The colors of the shaded surface indicate the magnitude of the displacement, and the deformation is exaggerated by a factor of 5.
The undeformed configuration is shown by the gray wireframe.
:::
:::{figure-md} fig:example:reverse:2d:step01c:stress
Cauchy stress tensor component xy for Step 1c.
The colors of the shaded surface indicate the xy component of the Cauchy stress tensor, and the deformation is exaggerated by a factor of 5.
The undeformed configuration is shown by the gray wireframe.
Increasing the basis order reduces the maximum shear stress by about 10 orders of magnitude!
:::
## Key Points
1. The displacement field is very similar for the three different discretizations.
2. In this case, we know the vertical displacement in the exact solution depends on the square of the depth, so we expect the numerical accuracy to be limited when we use a basis order of 1 for the displacement solution subfield.
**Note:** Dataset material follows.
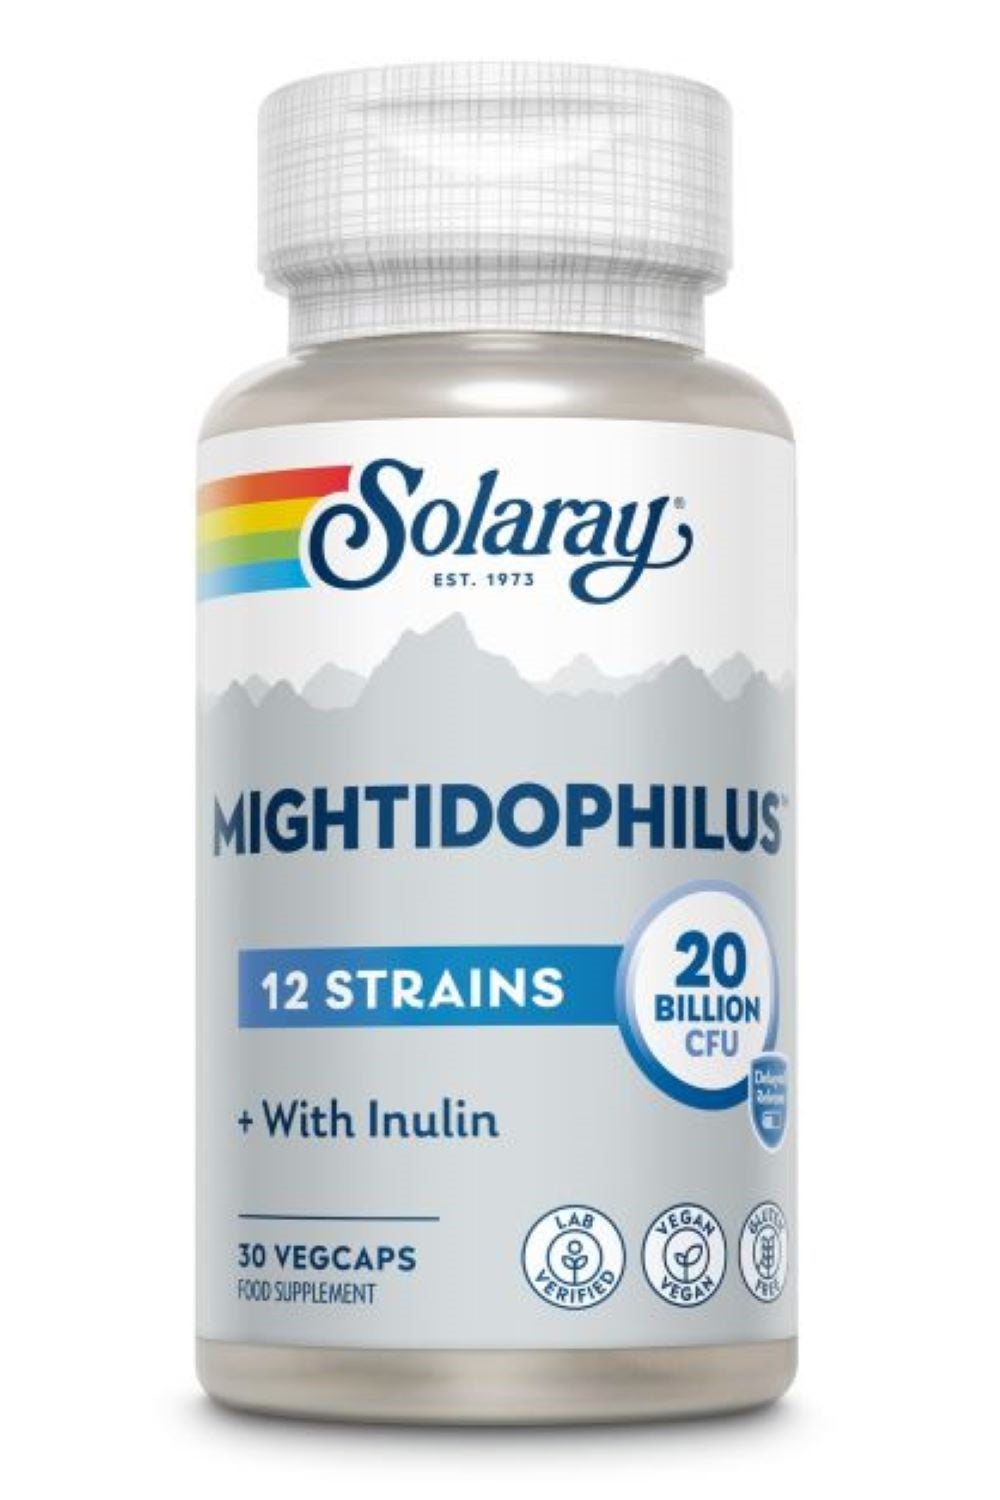 Solaray mightidophilus 12 fórmula de cepa 20 mil millones de ufc - 30 vegicaps

3. In the exact solution, the axial components of the Cauchy stress tensor increase linearly with depth, and the xy component of the Cauchy stress is zero.
4. With the coarse mesh, the shear stress is close to 10 MPa throughout the mesh.
5. Refining the mesh decreases the magnitude shear stress by about a factor of 2.
6. Using a basis order of 2 for the solution subfields reduces the magnitude of the shear stress by nearly 10 orders of magnitude.
7. When resolving the stress field components is important, you will likely want to use a basis order of 2 for the displacement solution subfield.